22 December, 2009 Posted by: -

“We are the north”, “we are the south”, “we are the east” and “we are the west”, rang around the Etihad stadium in the regenerated Melbourne docklands two weekends ago as Melbourne Victory thrashed the visitors from the Gold Coast 4-0.  The spatial references were based on the compass points of the old Melbourne victory stadium.

Whilst not a patch on our own football chants, it stimulated myself and my host colleague who directs urban revitalization at VicUrban (the Victoria state development agency), into another conversation about how cities are a melting pot of different places.  We laughed, as we had already been having this conversation intermittently all the previous week. CLES work on place resilience had brought me here to Melbourne, and this soccer game was meant to be an opportunity to have some time away from the subject!

Like our own major core cities, Melbourne is characterised by renewal and managing change.  Victoria State Government, the city and VicUrban are having a ongoing conversation about the changing function and role of the various places which make up this rapidly growing pacific rim city of 3 million people, made up of 31 local Authorities.

Their plans are to create a multi centred city, which aims to retain the recent renaissance and effervescence of the Central Business Disrict(CBD), whilst developing the various secondary centres. 

Take one secondary centre - Dandenong.  This is potentially the cultural jewel of Greater Melbourne, with waves of immigration having organically made this an underdeveloped microcosm of Australia’s multiculturalism.  Like Bury in Manchester City Region or Bradford in Leeds city region, Dandenong is in bed with and part of Greater Melbourne and to some extent plays second fiddle to the CBD of the greater city region.  However, it also has its own Local authority, and its own vibrant identity and economic functionality.  Like our own ‘secondary places’, the trick is to create economic development activity in these places, which does not erode the success of the CBD.  They can’t collide. They are forever joined and are in bed together and they need to cosily ‘snuggle’ together.

However, there may be a problem in the UK.  In much thinking, economic success is often conflated to mean the CBD or the peripheral business parks.  In the ongoing Multi Area Agreement process as well as with the new local economic assessment duty (where applied at a pan city regional basis), there is too little thought given to the 'secondary' centres. 

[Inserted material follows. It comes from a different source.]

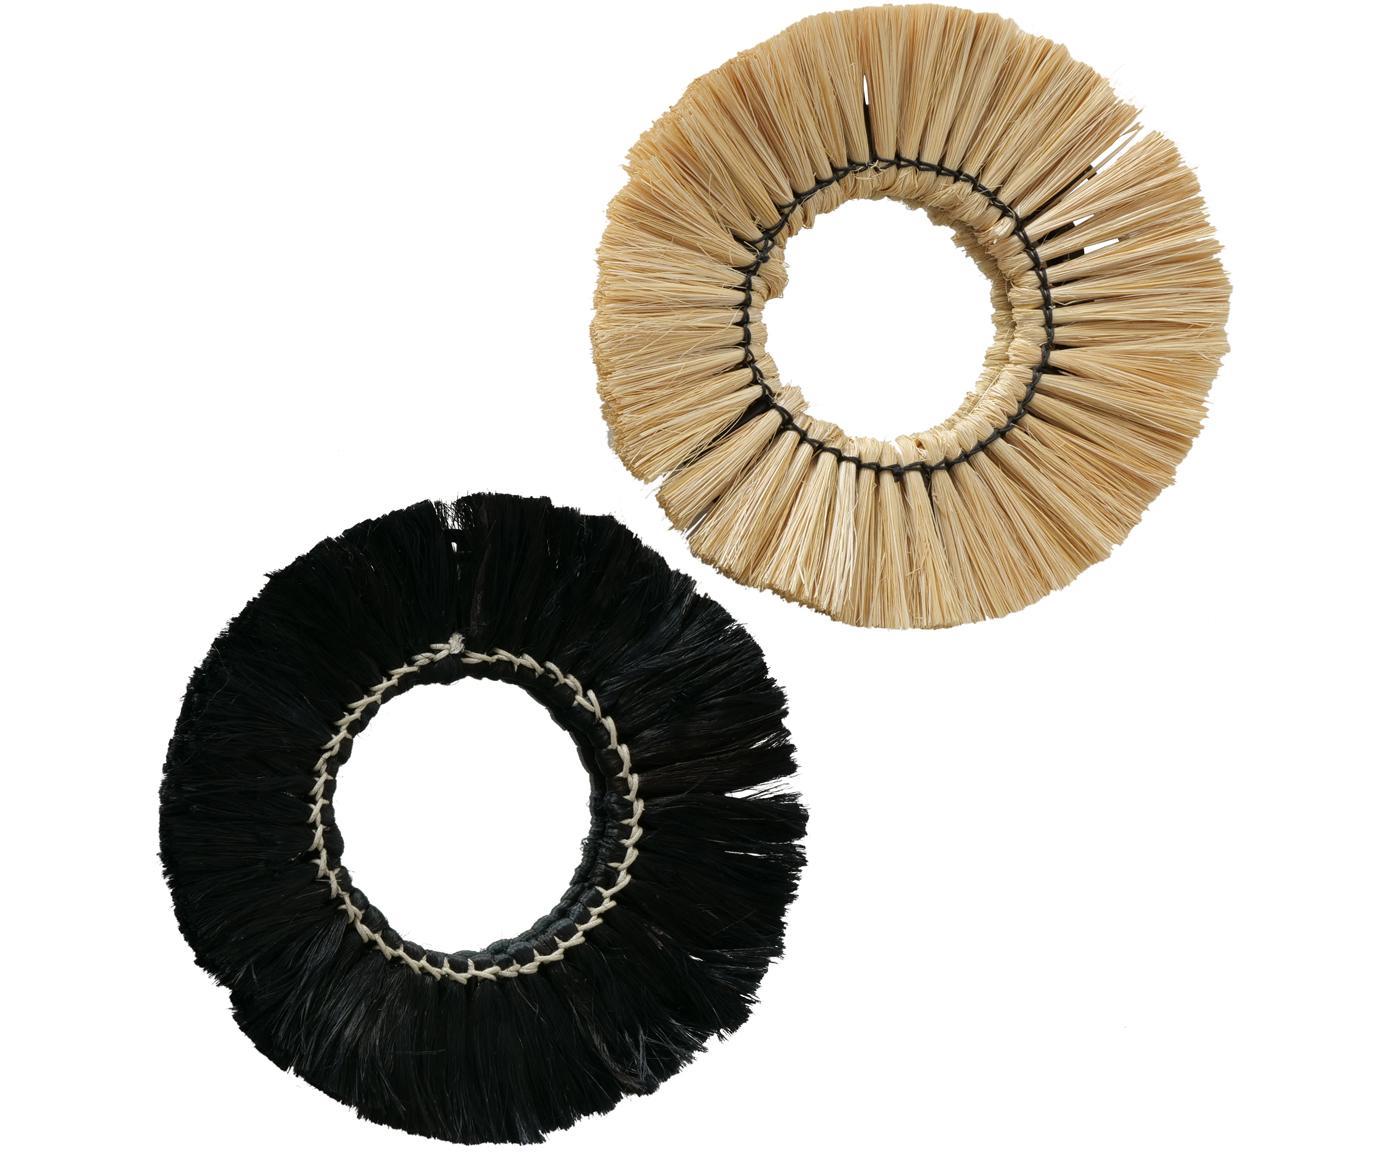 Ronde, handgeknoopte wandspiegelset Mamesa, 2-delig, Metaal, spiegelglas, Zwart, beige, Ø 25 cm

City regions are as much about Bury, or Bradford as they are about the city centre.  These places should never become economic dwarves and/or dormitories which merely serve the CBD. We cannot let CBD’s suck the economic identity out of our local places, or let economic development of the CBD weaken local economic regeneration.  They need to snuggle with the dominant partner which contains the CBD.

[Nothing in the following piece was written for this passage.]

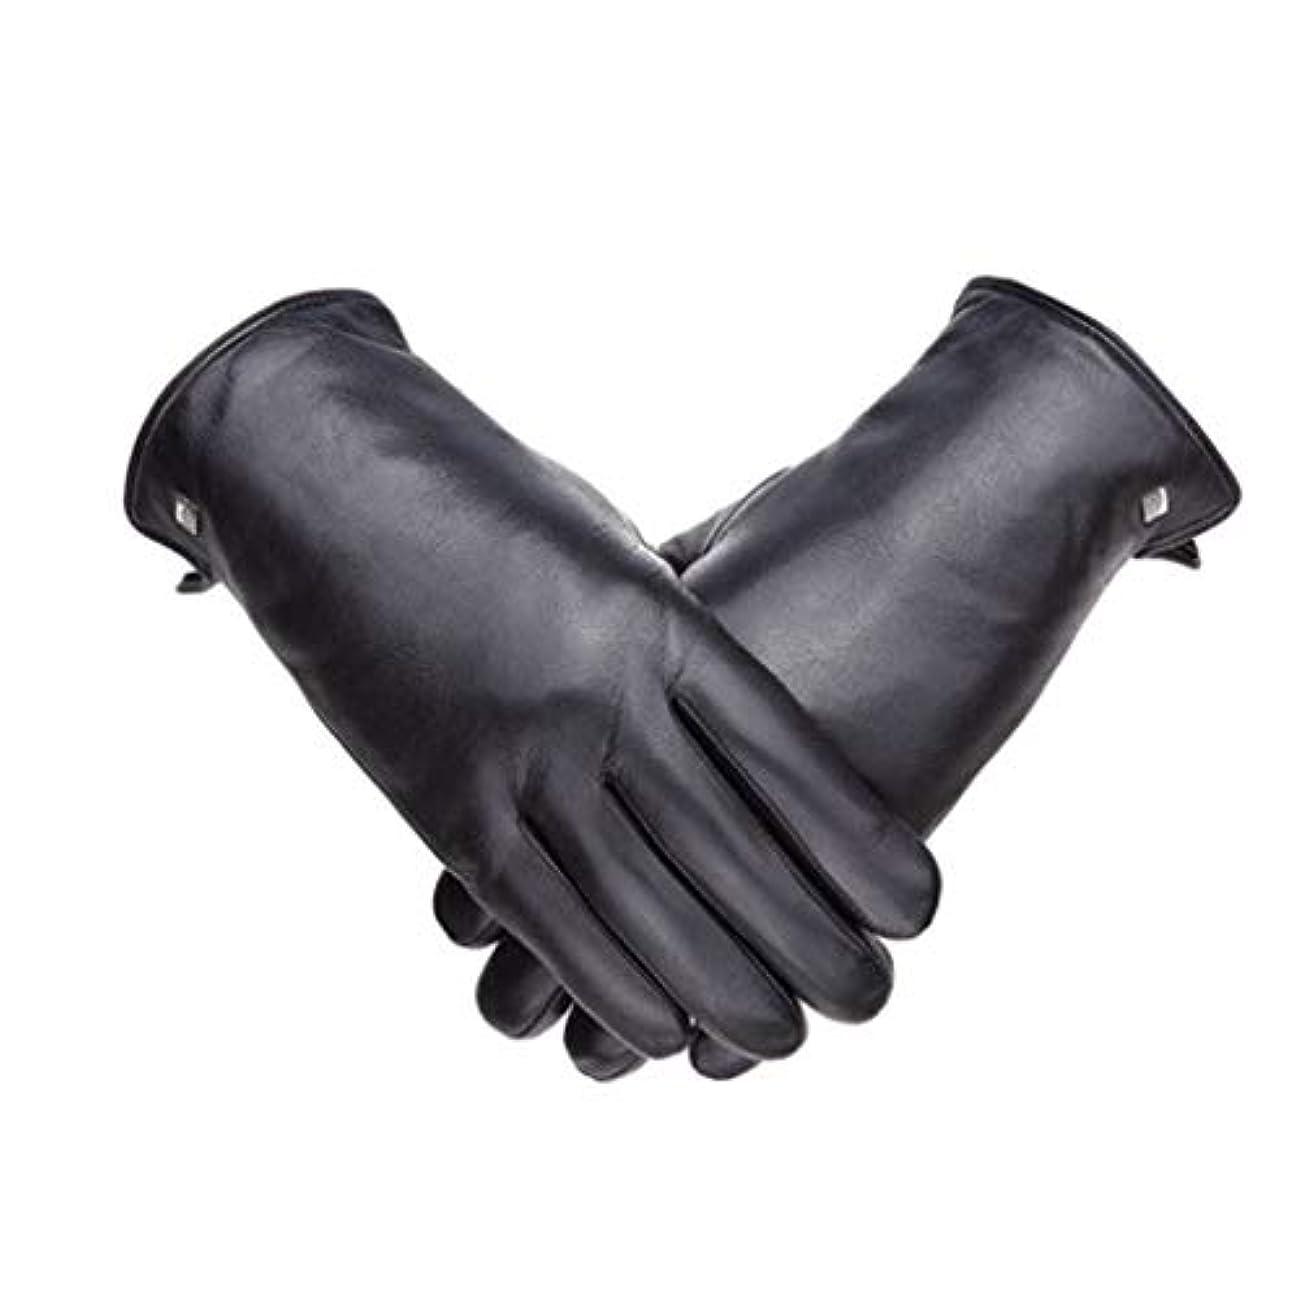 繊維代わりにを立てる花束革の肥厚プラスベルベット柔らかなヤギの男性の手袋防風寒い冬暖かい手袋を乗って19841101-01B黒XXL

If we are to forge new city renaissance, our enhanced city region thinking should create true polycentricity, allowing local place identity to shine through and support the forging of new economic futures in these localities.

In espousing this view, colleagues have said I am either on a nostalgic heritage trip, and/or running against the logic of economic success.  Maybe, but the geography of economic growth of recent times has not really been all that successful.  Spatial trickle down is exactly that and our city regions are more spatially unequal. 

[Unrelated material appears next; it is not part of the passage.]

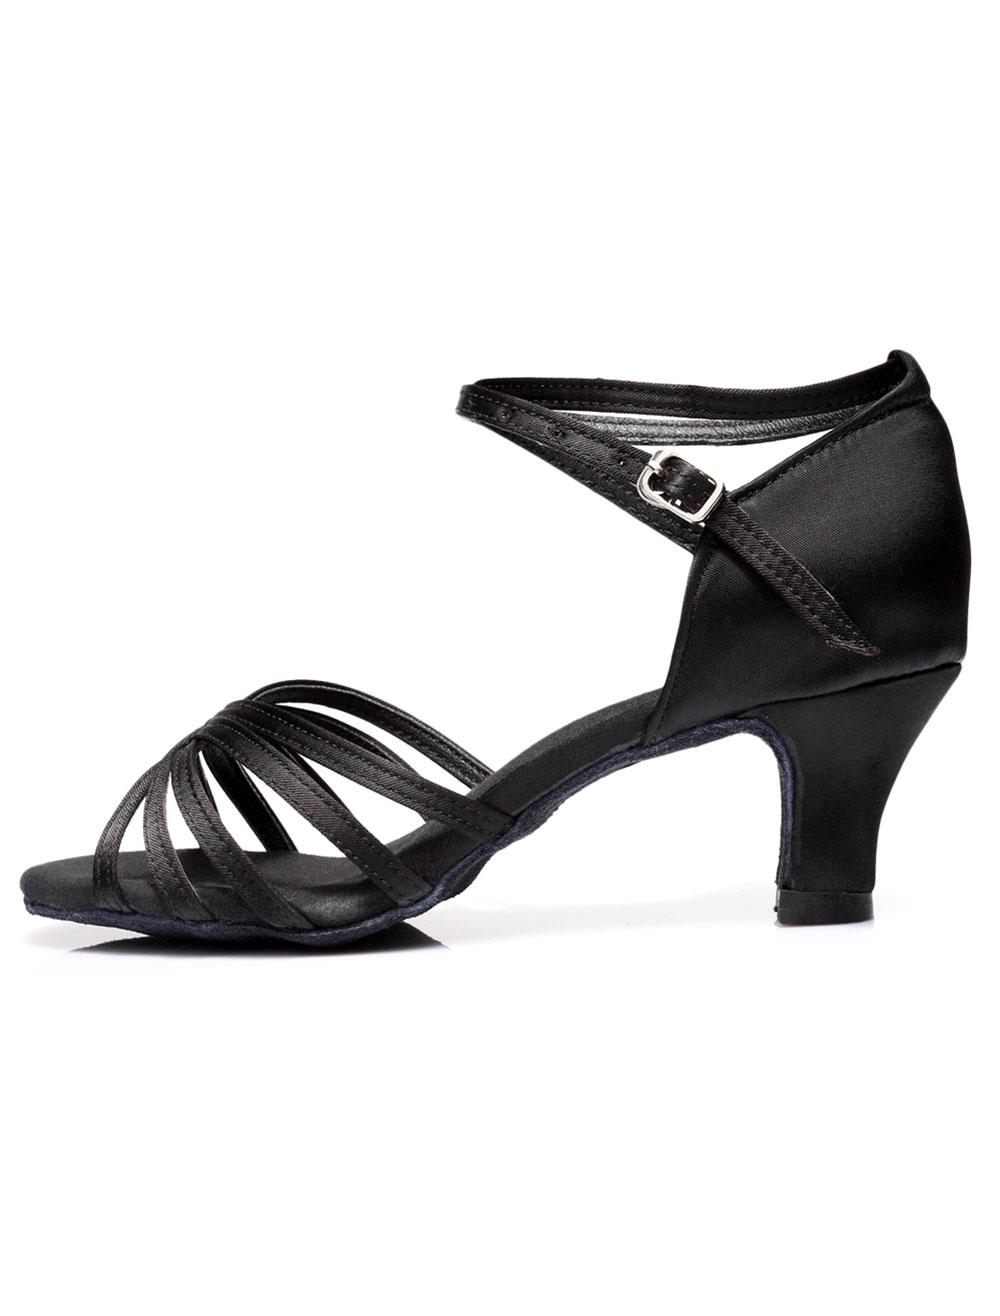 Zapatos baile latino Satin Criss Cross Zapatos de salón para mujeres 9d9sxT

I believe a place based economic function which snuggles places together, makes future sense. It is in these ‘local’ centres where place distinctiveness is most evident.  These places are the guarantors of a richer more meaningful aspect of a cities economic landscape.

 We also need to nurture local economic activity.  Local centres within cities are where the most vibrant manifestations of ‘localisation’ takes place, as regard land ownership, non chain and independent local economic activity.  Bury market, like the Afghan Bazaar or Little India in Dandenong, are not some relic or weird novelty, but a demonstrable and important part of the cities economic identity.

The success of Bury and Dandenong and the wider city regions to which they belong are intrinsically related to all the places within a city region.  The challenge is getting all places within a wider city region to economically snuggle.